My introduction to both Hilma af Klint and Emma Kunz was through the exhibition “3 x Abstraction: New Methods of Drawing by Emma Kunz, Hilma af Klint, and Agnes Martin” at The Drawing Center in NYC in 2005. While this show was revelatory for me at the time, it was only a scratch on the surface in my understanding of the work and artistic approaches of these artists. I had long since felt a strong love for and affinity with af Klint and Kunz as women who were each cultivating a personal relationship with abstraction as a way to make visible ideas and forces rooted in philosophy, nature, science, and spirituality. Both af Klint and Kunz’ dedication to immersive mental reflection, research, and writing was also of personal interest in relation to extensions of painting and gender. Seeing the breadth of their work and evolution of their ideas was truly inspiring and humbling. The urgency to both make art objects and write extensively was evidence of their desire to find their own language in the canon of art long defined by men. Integrating themselves in their making, Kunz and af Klint seemed to nurture a whole and inclusive practice where formal ideas simply weren’t enough. Walking into the grotto, I felt a connection to the embodied, lived experiences that perhaps drove these artists to resist separating theosophy, anthroposophy, healing practices, botany, technology, and other facets of life from their art.

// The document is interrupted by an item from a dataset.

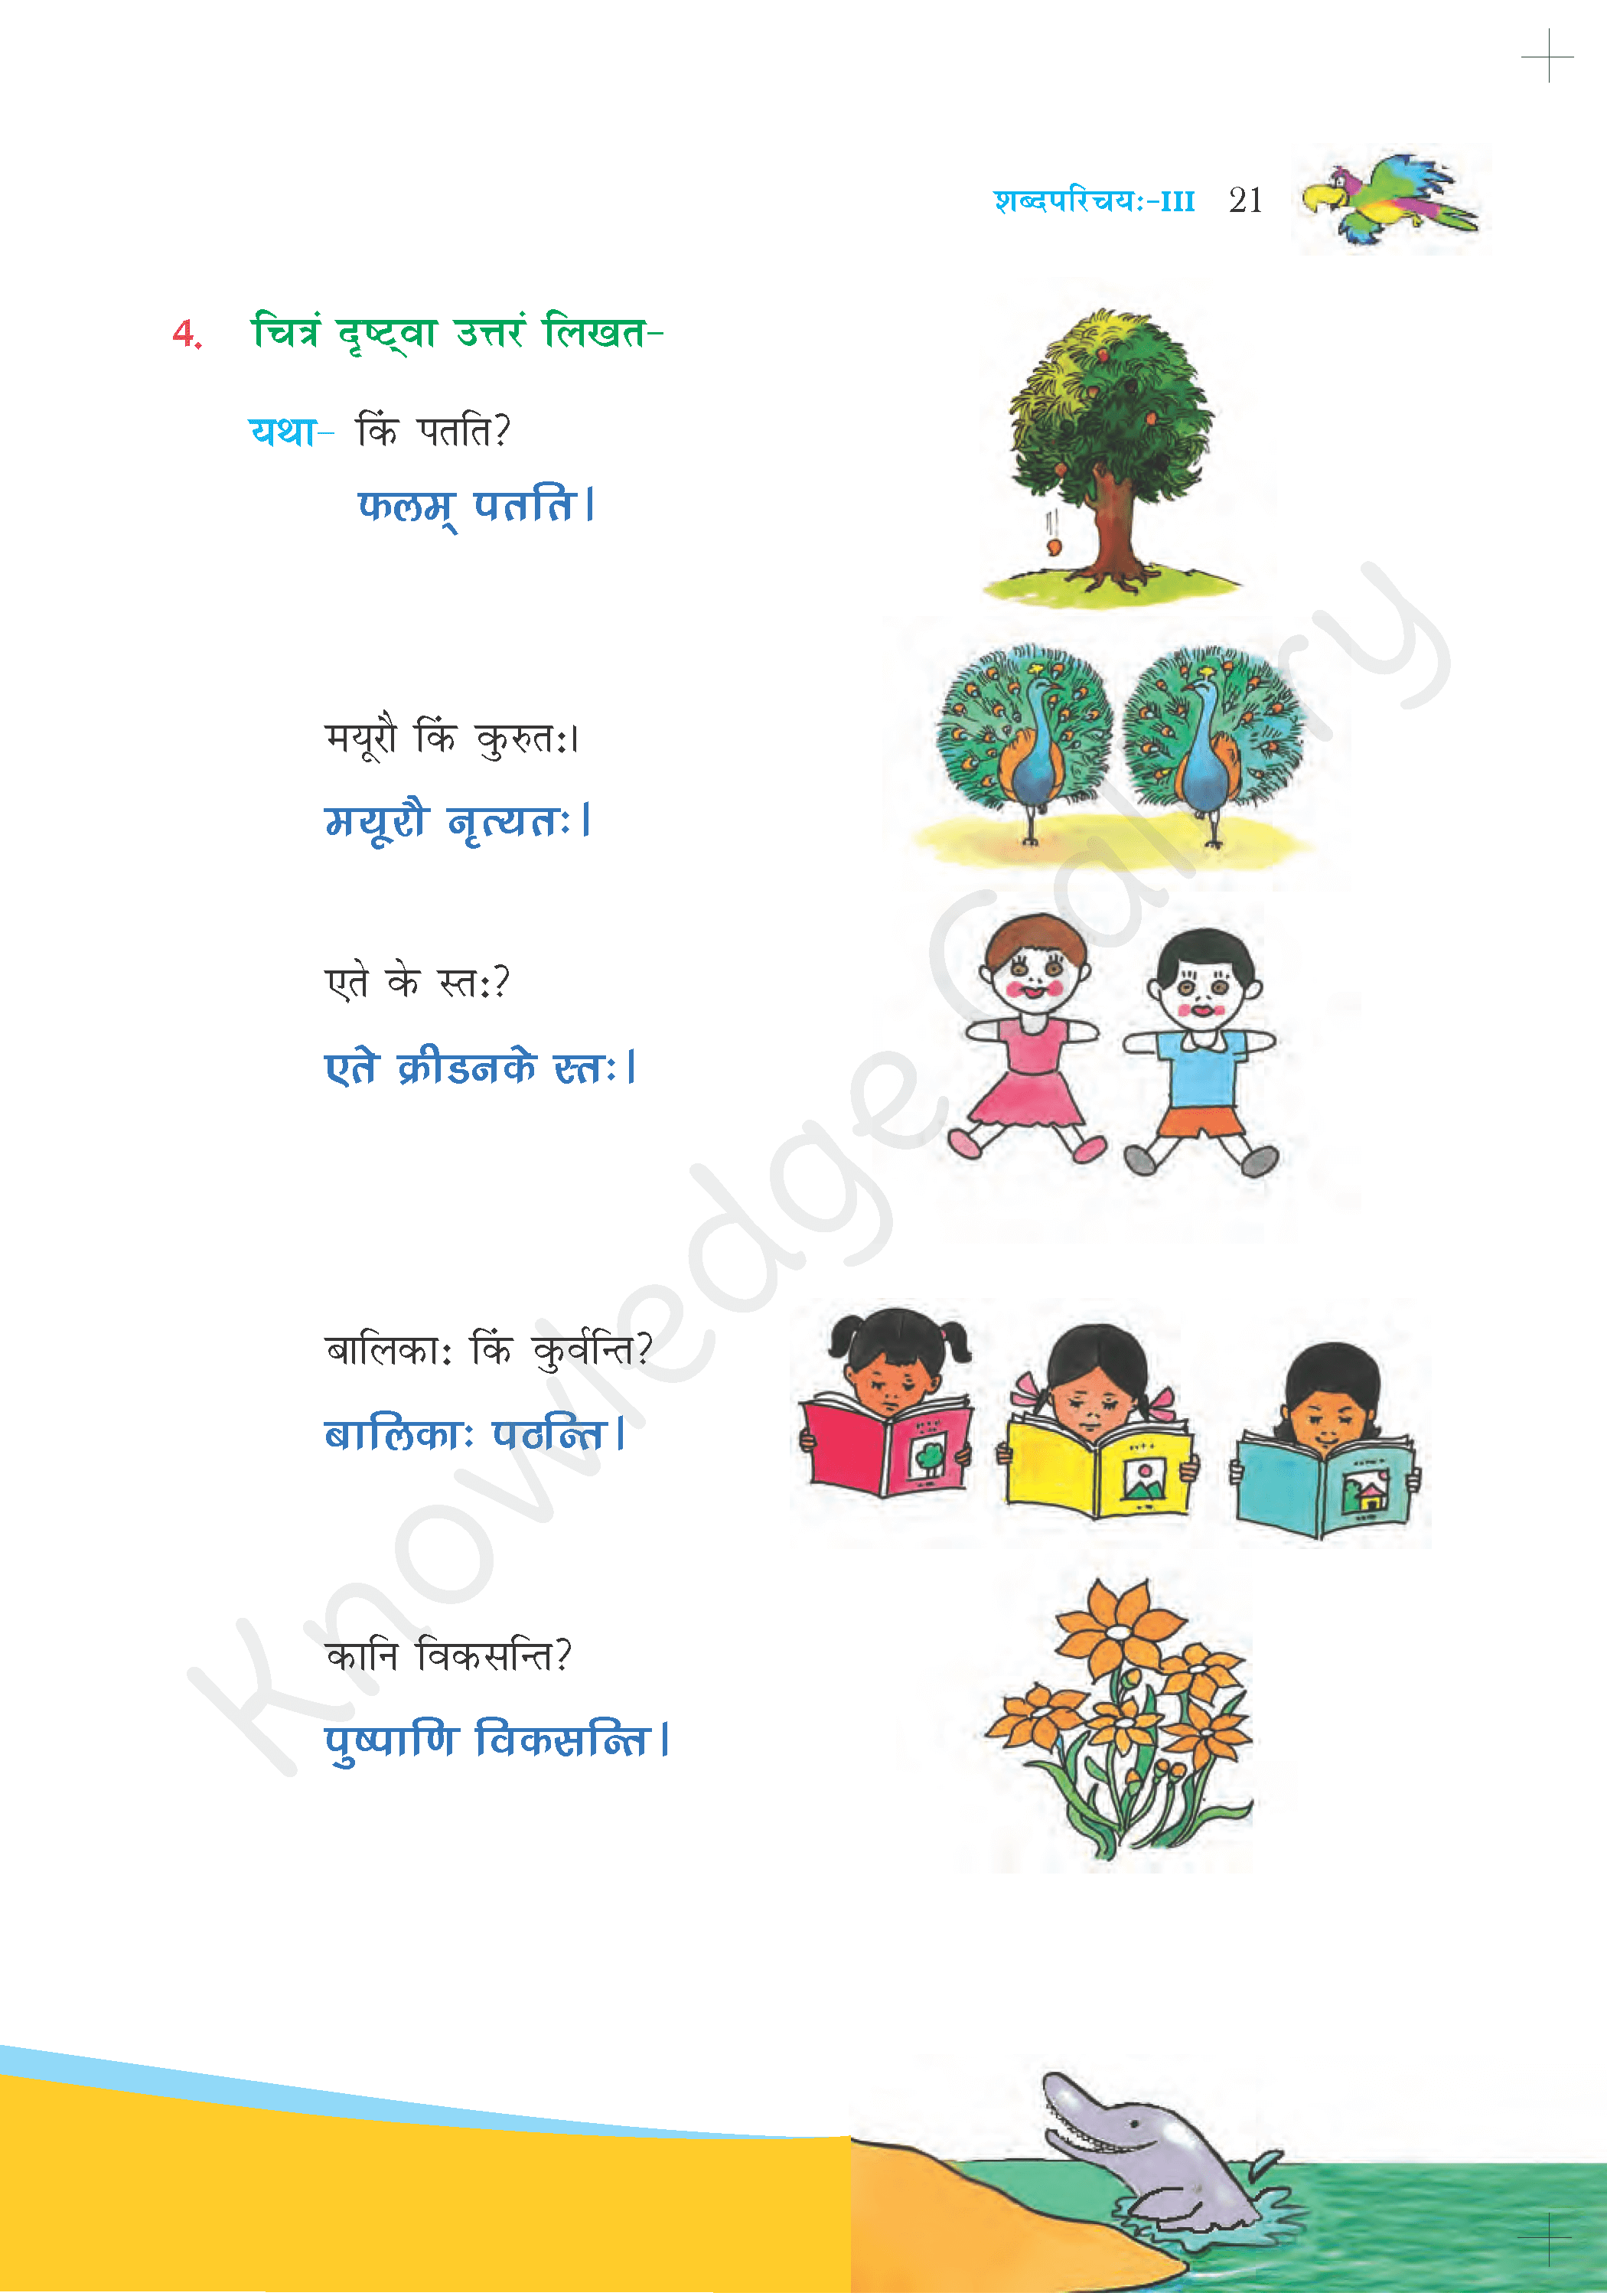 NCERT Solution For Class 6 Sanskrit Chapter 3 part 6

I was also fortunate enough to visit the Venice Biennale through this grant. It seemed critical to see that year’s “The Encyclopedic Palace” where both Kunz and af Klint were included artists. Seeing their work installed together (in the same room!) within the Central Pavilion felt both like a victory of recognition and a familial moment, as well as a rather professional art framework for practices I had grown to see as so complex and extensive. In was through the physical act of traveling and putting my body up close to these works, that I was able to be in communication with a critical facet of painting— a changeable mixture of living and non-living things that has framed individual and collective human understandings throughout history.

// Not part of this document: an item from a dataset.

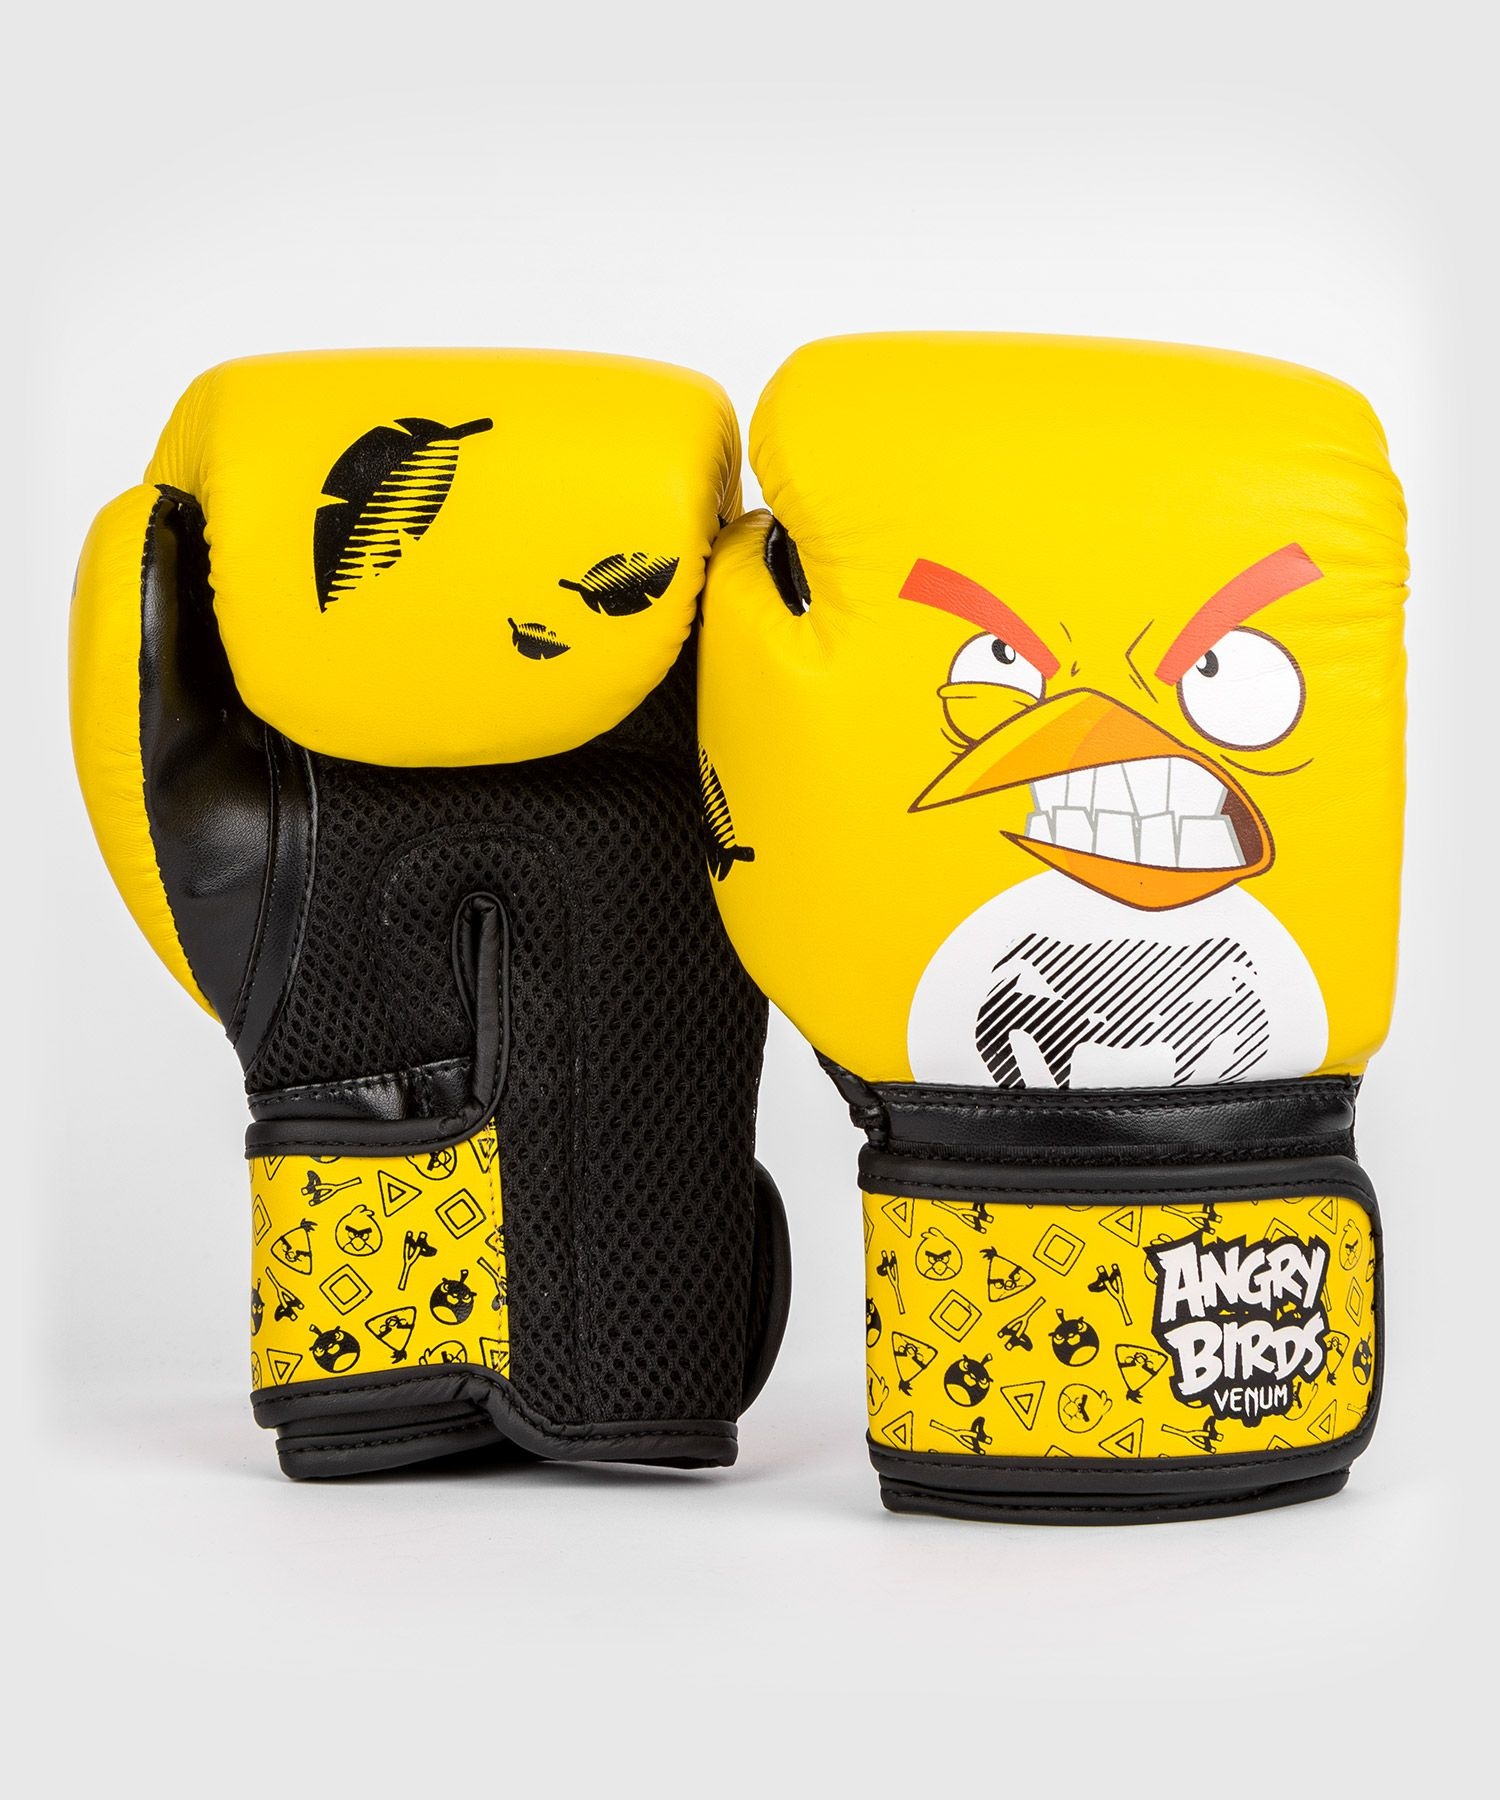 Gelb Kinder Venum SHOP Angry Boxhandschuhe - DEUTSCHLAND FIGHTWEAR Schwarz Birds

A primary reason I was attracted to Kunz and af Klint was their organic sensibilities with line. For me, drawing has always been an immediate avenue for channeling thought, but after my travels, I have been complicating my thinking and making relationship in paintings and blurring the distinction between the two media. Af Klint’s paintings enabled me to understand more dynamic color relationships, scale, and a non-linear sense of subject matter. Both artists used color to give the sensation of life itself. I came back to New York with a desire to articulate my color choices with more buoyancy. I began making larger paintings using techniques that required a range of body movements and physical maneuvers. It was still important to consider aspects of lightness and beauty, though now with an enormous force, and not one that would succumb to the grandiosity of what society has called major or masterful. These works allowed me to articulate and include a subtle slipping back and forth between notions of major and minor. As a painter, I am increasingly interested in a matrilineal history of painting, and I believe that through this trip (and residual inclusive and embodied ways of thinking about painting), my work has became more rebellious in a reflexive way.